Daniel Soo, a principal in Cyber and Strategic Risk at Deloitte, said many clients are beginning to expand their war games to address systemic incidents. “They’ll simulate situations involving nefarious actors that attack a cloud provider and then play out what might happen, offering insights into how to react and recover,” said Soo. “It’s all about resilience. The thinking is that these attacks are inevitable and will proliferate.”
Anderson’s information security team conducts tabletop exercises that analyze different systemic threat scenarios, followed by modeling the respective business continuity risks. “For example, we’ll model the risk of a lengthy outage involving critical infrastructure like a large electric, gas or telecommunications utility in the geographic regions where we operate, as well as in places like India where we don’t have operations but use many resources,” she said. “We then engage in a very intentional discussion about the risk and what we’re willing to invest in mitigating it.”

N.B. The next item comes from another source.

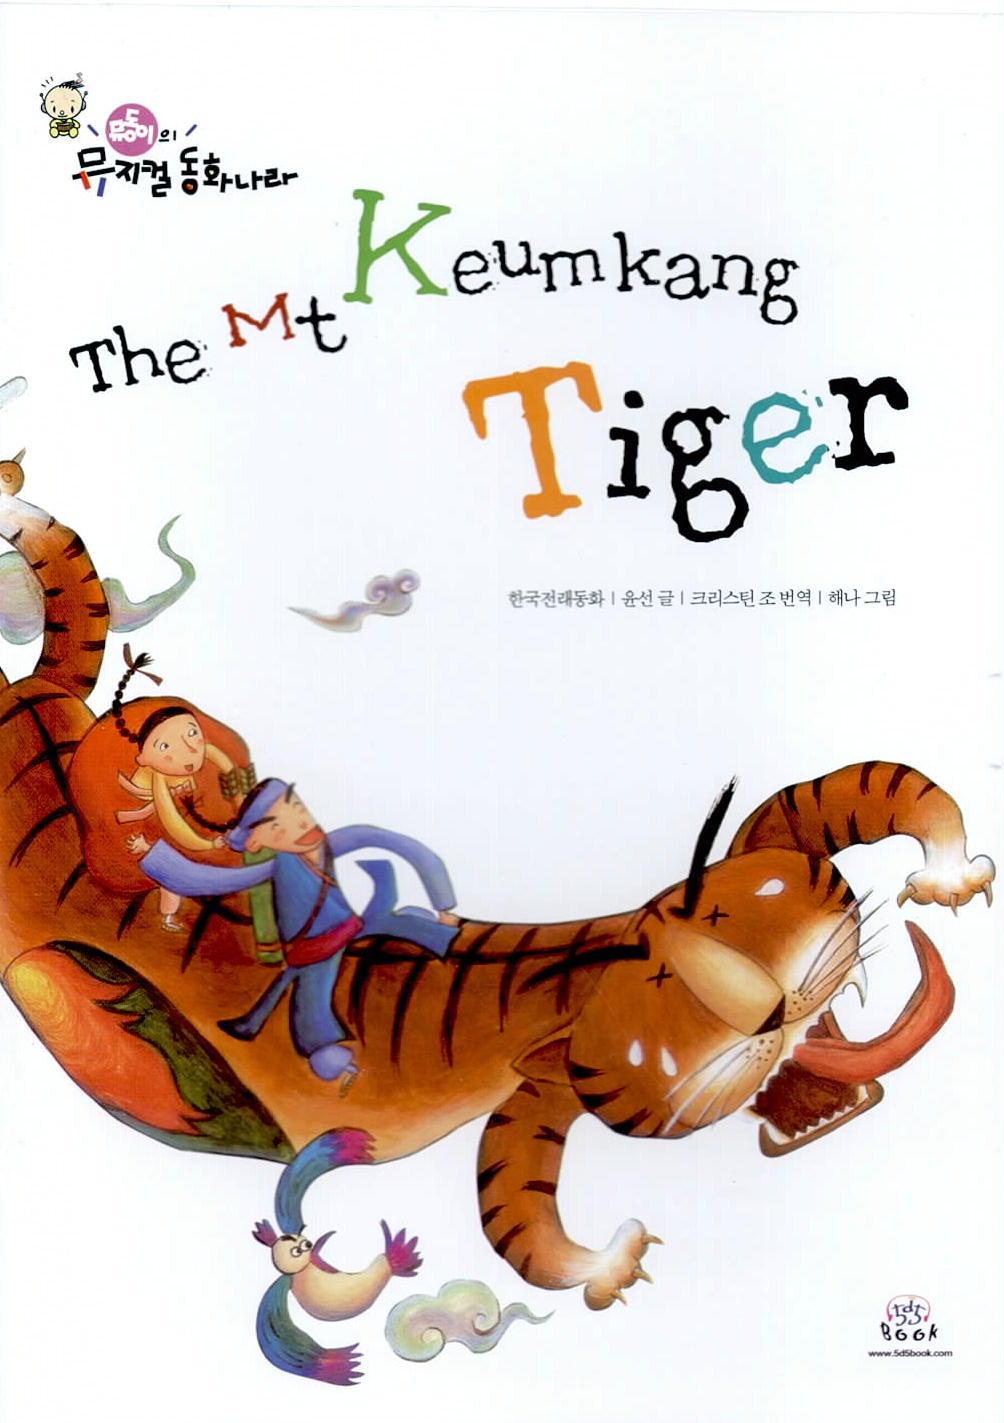 The Mt Keumkang Tiger

Regarding risk mitigation, Sowell, a deputy judge advocate for the Army Reserve Cyber Protection Brigade (his previous work for the Army focused on cyber and signals intelligence), touted the value of endpoint detection and response, a cybersecurity technology that monitors endpoints for malicious cyber threats. Endpoints are physical devices like desktop computers, servers and mobile devices that connect to IT systems.
“We’re using CrowdStrike Falcon Insight XDR, a cloud-based endpoint detection and response agent that we deploy on company equipment as it is issued to new users,” he said. “Our internal information technology team can then monitor and protect the geographically distributed endpoints that connect to our systems. It builds on the capabilities of antivirus software, including such critical features as intrusion detection, configurable firewalls and anti-malware software.”
Other interviewees also commended the use of XDR endpoint protection and response. “The solutions draw from AI and machine learning in looking for anomalous behaviors at different endpoints in the network, which are then quarantined to prevent spreading,” said Brian Diffin, chief technology officer in the tax & accounting division at publicly traded Wolters Kluwer, a global provider of software solutions and services. “Anti-virus software can’t catch Zero-Day exploits, but XDR can, marking a huge change in cybersecurity.”
Diffin further advised that companies pursue a so-called defense-in-depth approach, in which people, technology and operations are integrated to identify, monitor and respond to threat incidents.
Botros commented on the value of integrating information security and risk management/insurance in a separate department. “Given the potential financial cost of a systemic cyberattack, it no longer makes sense to have risk transfer sitting in the finance organization and cybersecurity residing under the CISO,” the CFO explained. “Having one functional department allows for more holistic assessments about the impact on the bottom line.
“You can never be 100 percent secure,” he added, “but you can always be more resilient—better prepared to prevent, respond and recover.”